Mutation of a transcriptional motif of a distant regulatory element reduces the expression of embryonic and fetal globin genes.

High-level beta-globin gene expression is dependent on the presence of the locus control region (LCR), a powerful regulatory element physically characterized by five DNase I-hypersensitive sites (HS), designated HS1-HS5. Of these, HS3 contains seven GT motifs that are essential for its activity. One of the motifs, GT6, has been shown by in vivo footprinting to display the largest difference in signal between fetal and adult globin expressing cells. We assessed the contribution of GT6 on the downstream globin gene expression by mutating this motif in a 248 kb beta-globin locus yeast artificial chromosome and measuring the activity of beta-globin genes in GT6m beta-YAC transgenic mice. Seven transgenic lines were established, three of which contained at least one intact copy of the beta-globin locus and were further investigated. The mutation of the GT6 motif reduced the expression of epsilon- and gamma-globin genes during embryonic erythropoiesis. During definitive erythropoiesis, gamma-globin gene expression was significantly reduced while beta-globin gene expression was virtually indistinguishable from wild-type controls. We conclude that the GT6 motif of hypersensitive site 3 of the LCR is required for normal epsilon- and gamma-globin gene expression during embryonic erythropoiesis and for gamma-globin gene expression during definitive erythropoiesis in the fetal liver. Our results provide evidence that mutations of single transcriptional motifs of distant regulatory elements can have profound effects on gene expression.

The histone deacetylase inhibitor, trichostatin A, reactivates the developmentally silenced gamma globin expression in somatic cell hybrids and induces gamma gene expression in adult BFUe cultures.
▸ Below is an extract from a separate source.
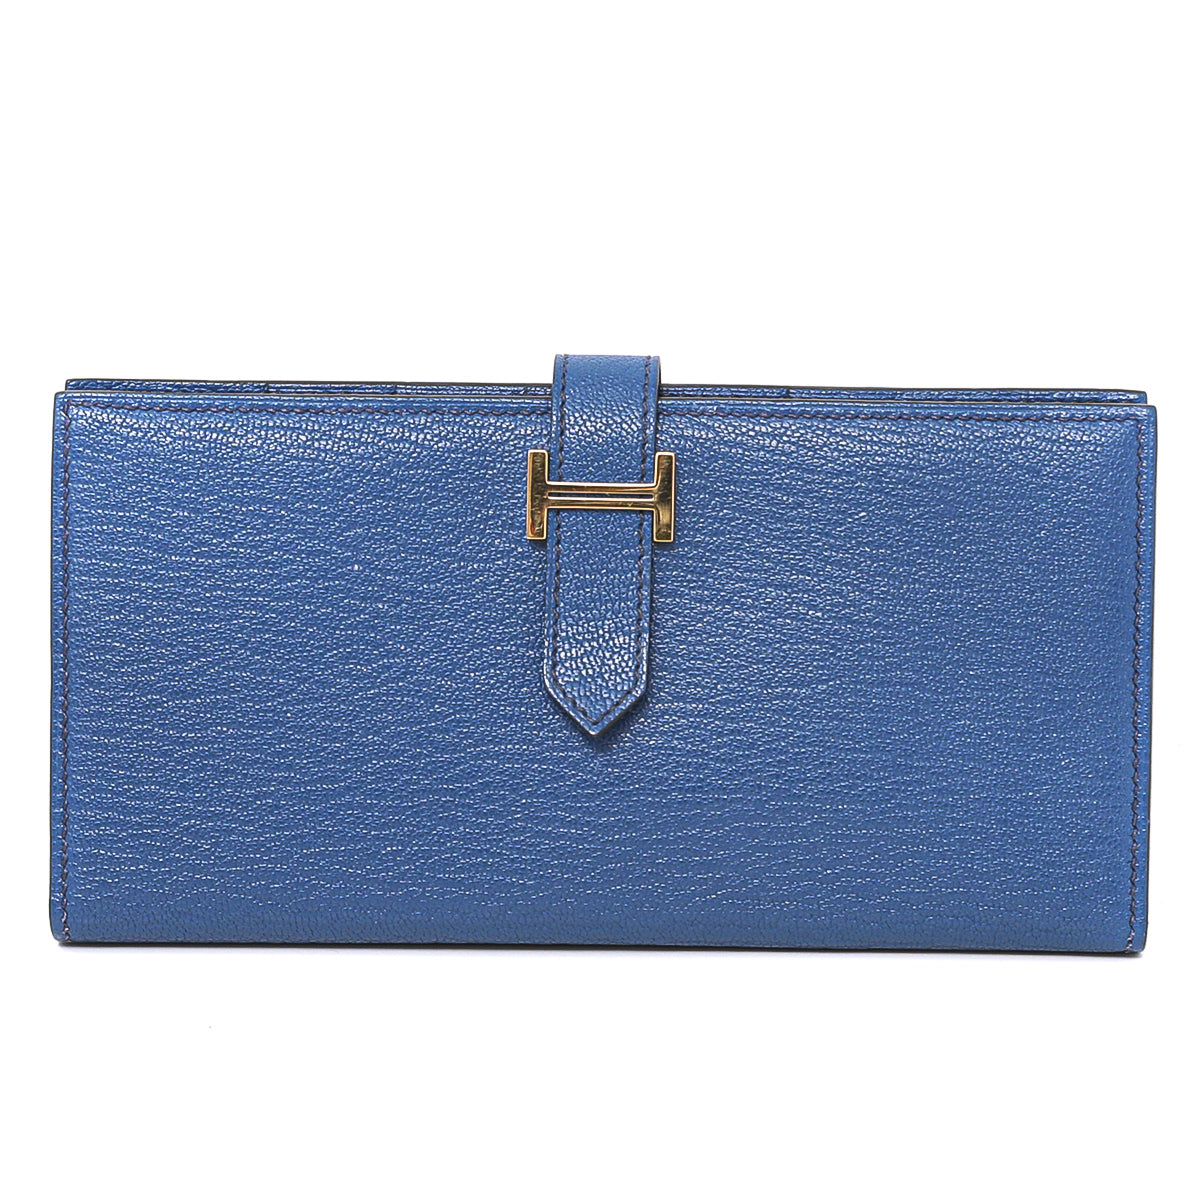 Hermes Bleu De Galice Bearn Classic Wallet

Somatic cell hybrids that have undergone globin gene switching and developmental silencing of gamma globin expression were treated with the histone deacetylase inhibitor trichostatin A (TSA). Culture of the post-switch hybrids in the presence of TSA reactivated gamma globin expression and concommitantly downregulated beta globin expression, as determined by both mRNA quantitation and immunofluorescent quantitation of gamma globin expressing cells. In contrast, similar treatment of pre-switch hybrids, which were expressing predominantly gamma globin and only small levels of beta globin, had no effect on the relative gamma or beta globin gene expression. In addition, trichostatin A induced gamma gene expression in adult BFUe cultures in a maturation-independent fashion. The results provide direct evidence that inhibition of HDAC activity can alter expression from the human beta globin locus in the adult stage of development.

Activation of the beta-like globin genes in transgenic mice is dependent on the presence of the beta-locus control region.

The beta-globin locus control region (LCR) is a powerful regulatory element required for high-level globin gene expression. We have generated transgenic mouse lines carrying a beta-globin locus yeast artificial chromosome lacking the LCR to determine if the LCR is required for globin gene activation. beta-Globin gene expression was analyzed by RNase protection, but no detectable levels of epsilon-, gamma- and beta-globin gene transcripts were produced at any stage of development. These findings suggest that the presence of the LCR is a minimum requirement for globin gene expression. Next, we tested whether the LCR is necessary to activate globin gene expression in a gamma-globin promoter mutant that causes hereditary persistence of fetal hemoglobin (HPFH). beta-YAC transgenic mice carrying the -117 HPFH mutation and a HS3 core deletion that specifically abolishes gamma-globin gene expression during definitive erythropoiesis were produced to test whether the -117 (A)gamma promoter is activated in the absence of interaction with the LCR. In four transgenic mouse lines, gamma-globin gene expression was absent in adult erythrocytes, suggesting that an interaction between the gamma-globin gene promoter and the LCR is required for gamma gene activation even when the promoter contains an HPFH mutation.